Prerequisite: Computer Science 49. Jayanti.

110. Writing, Presenting, and Evaluating Technical Papers in Computer Science

Not offered in the period from 04F to 05X

Students will learn how to write technical papers in computer science, how to present technical papers in a conference-talk setting, and how program committees and journal editors evaluate technical papers. Writing topics include the proper use of technical typesetting software, organization of technical papers, and English usage. Students will write technical papers, produce official course notes, and give oral presentations.

Prerequisite: Each student must submit a short expository piece to be evaluated by the instructor at the start of the course; only those students meeting a required level of competence will be permitted to take the course for a grade. Students should also have a Computer Science background sufficient to understand research papers.

Enrollment limited.

118. Programming Languages

05S: Arrange

This course covers fundamental and advanced topics in the design, implementation and use of imperative, functional, logical and object-oriented programming languages. Topics covered include formal definitions of languages, tools for automatic program translation, parameter passing, scoping, type systems, control structures and automatic memory management. For each language category, implementation issues will be discussed, and program development strategies illustrated through programming exercises.

Prerequisite: Computer Science 68. Undergraduate courses in compilers (Computer Science 48) are recommended. McKeeman.

180. Reading Course

181. Special Topics Seminar

185. Algorithms Seminar

05W: Arrange Drysdale.

186. Numerical Analysis Seminar

187. Computer Architecture and Hardware Seminar

188. Computer Systems Seminar

04F: Arrange Farid.

04F: Arrange Donald.

05S: Arrange Bailey-Kellogg.

05S:Arrange Balkcom.

05S:Arrange Makedon.

Prerequisite: Computer Science 23, 25, and 37, or permission of the instructor. Computer Science 58 may be recommended.
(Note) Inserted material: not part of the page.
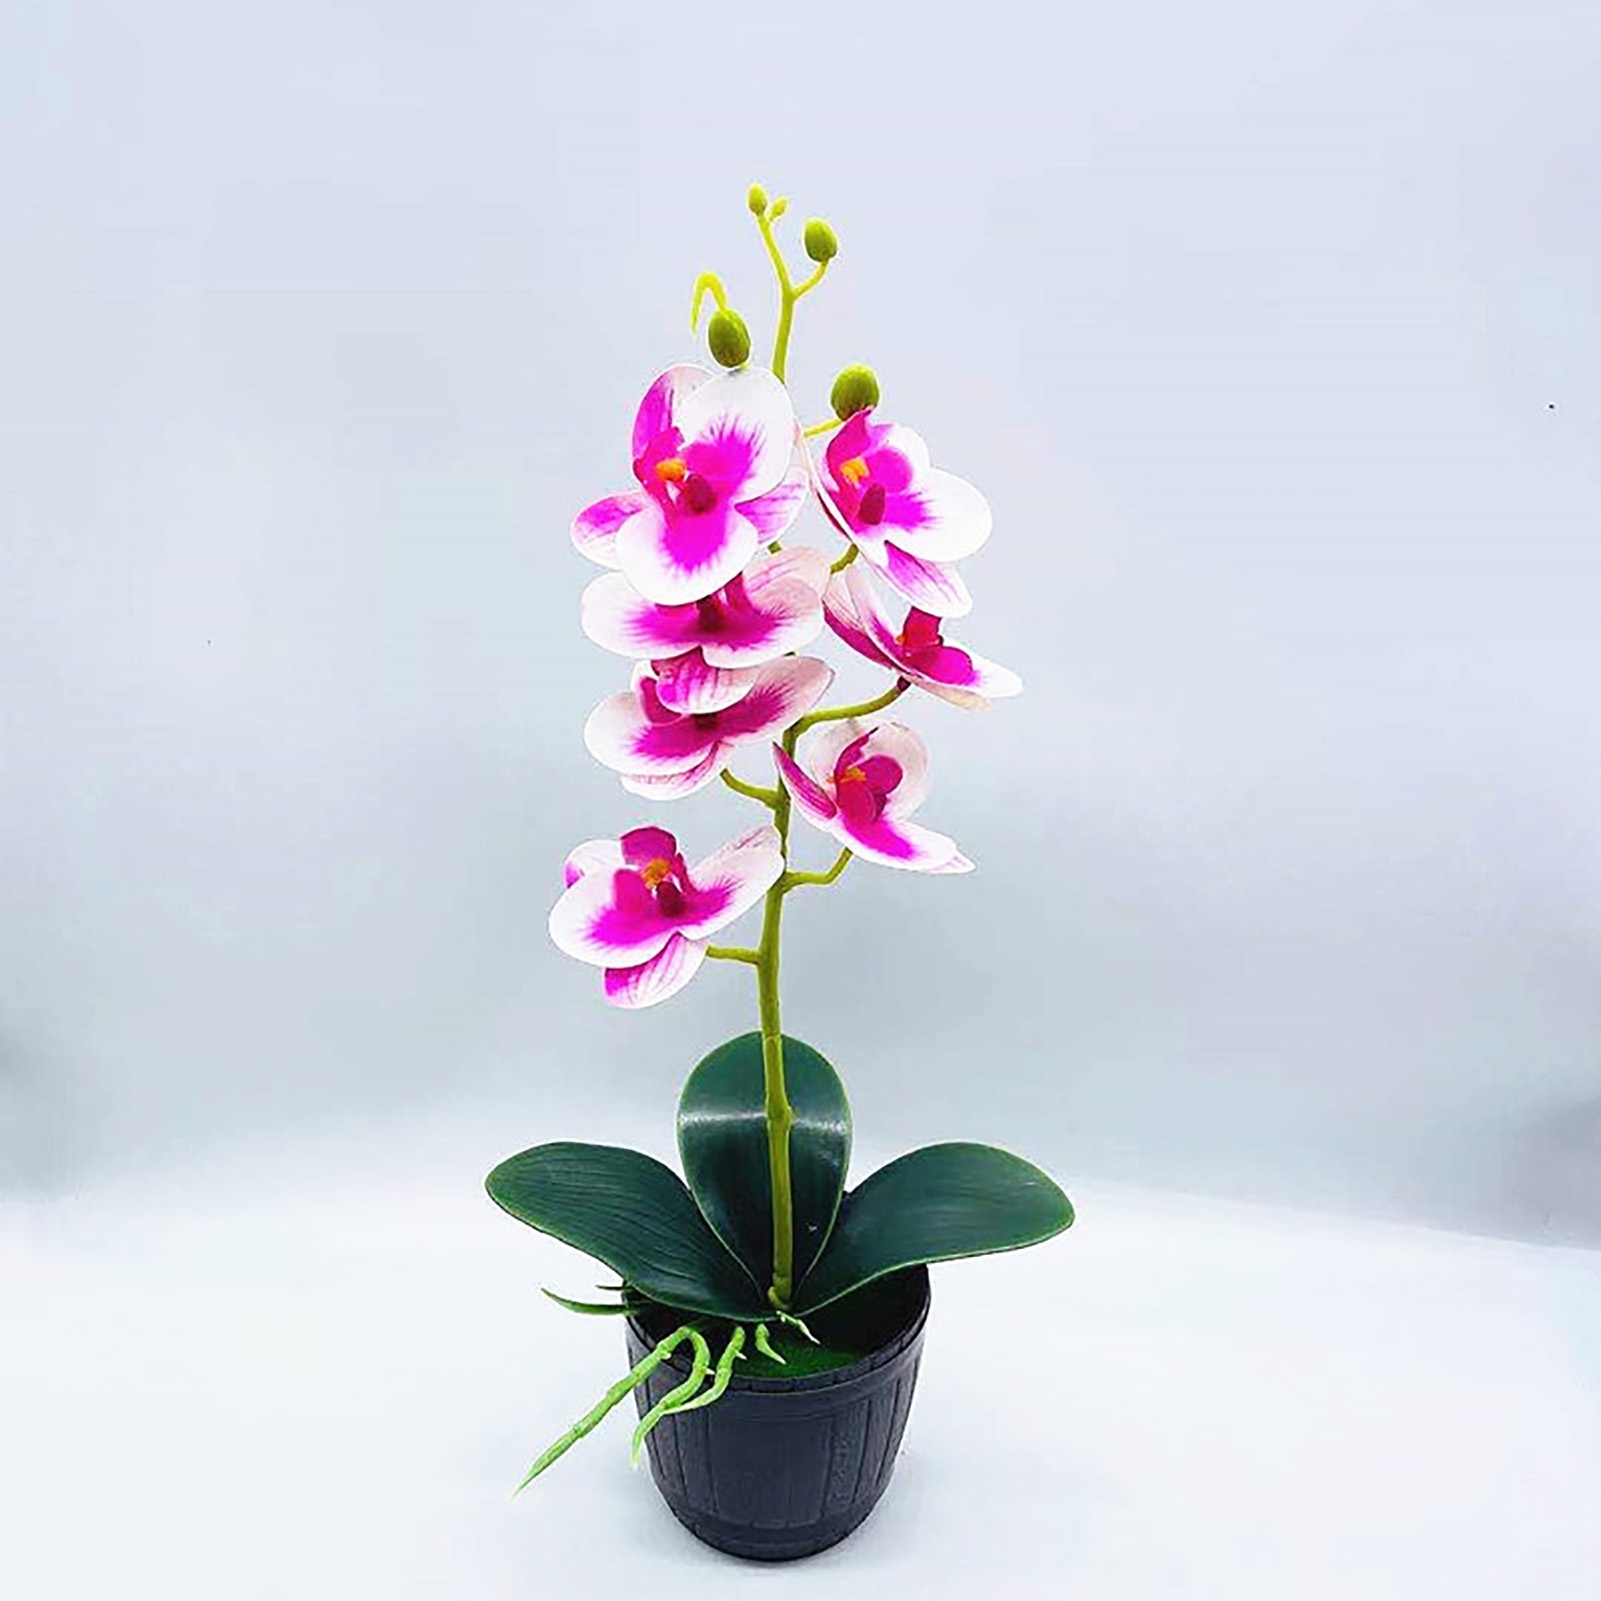 Кашпо для орхидей декоративное. Орхидея в горшке в подарок. Орхидея в горшке белая с фиолетом. Орхидея в кашпо китайском. Орхидеи в горшках новосибирск

257. Supervised Undergraduate Teaching

May be taken multiple times for credit. One course equivalent.

297. Graduate Research

Student participates in research under the supervision of a faculty member. May be taken multiple times for credit. One course equivalent.

298. Thesis Research

Student participates in research under the supervision of a faculty member. May be taken multiple times for credit. Two course equivalents.

299. Full-Time Thesis Research

Student participates in research under the supervision of a faculty member. May be taken multiple times for credit. Three course equivalents.